Doctor of Philosophy (PhD)

Department

Computer Science

First Advisor

Saeid Belkasim

Second Advisor

Raj Sunderraman

Third Advisor

Ying Zhu

Fourth Advisor

Hendricus Van Der Holst

Fifth Advisor

Marina Arav

Abstract

Image descriptors play an important role in image representation and analysis. Multi-resolution image descriptors can effectively characterize complex images and extract their hidden information.

Wavelets descriptors have been widely used in multi-resolution image analysis. However, making the wavelets transform shift and rotation invariant produces redundancy and requires complex matching processes. As to other multi-resolution descriptors, they usually depend on other theories or information, such as filtering function, prior-domain knowledge, etc.; that not only increases the computation complexity, but also generates errors.

We propose a novel multi-resolution scheme that is capable of transforming any kind of image descriptor into its multi-resolution structure with high computation accuracy and efficiency. Our multi-resolution scheme is based on sub-sampling an image into an odd-even image tree.

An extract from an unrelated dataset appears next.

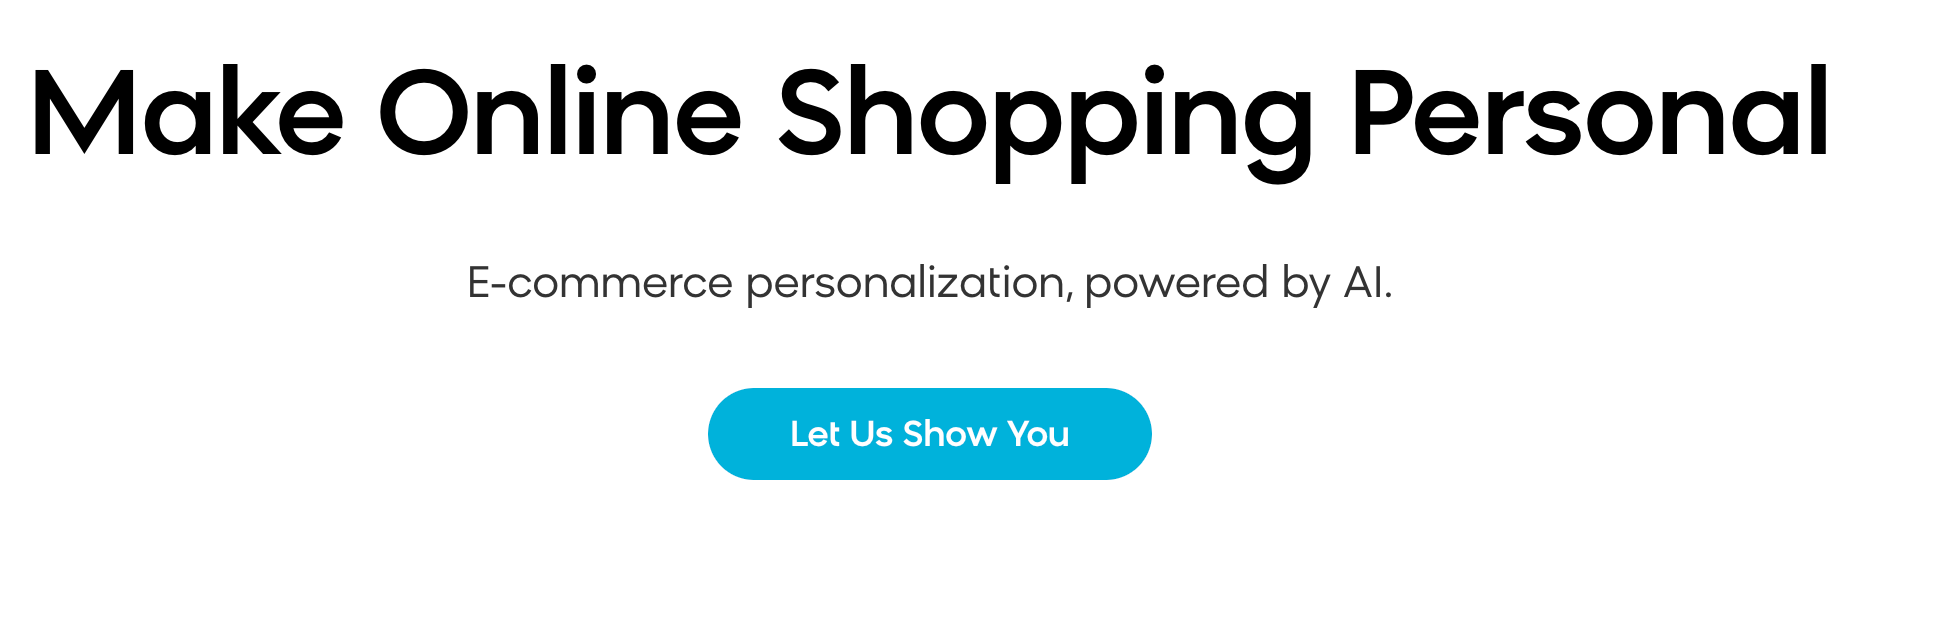 e-commerce personalization tool

Through applying image descriptors to the odd-even image tree, we get the relative multi-resolution image descriptors. Multi-resolution analysis is based on downsampling expansion with maximum energy extraction followed by upsampling reconstruction. Since the maximum energy usually retained in the lowest frequency coefficients; we do maximum energy extraction through keeping the lowest coefficients from each resolution level.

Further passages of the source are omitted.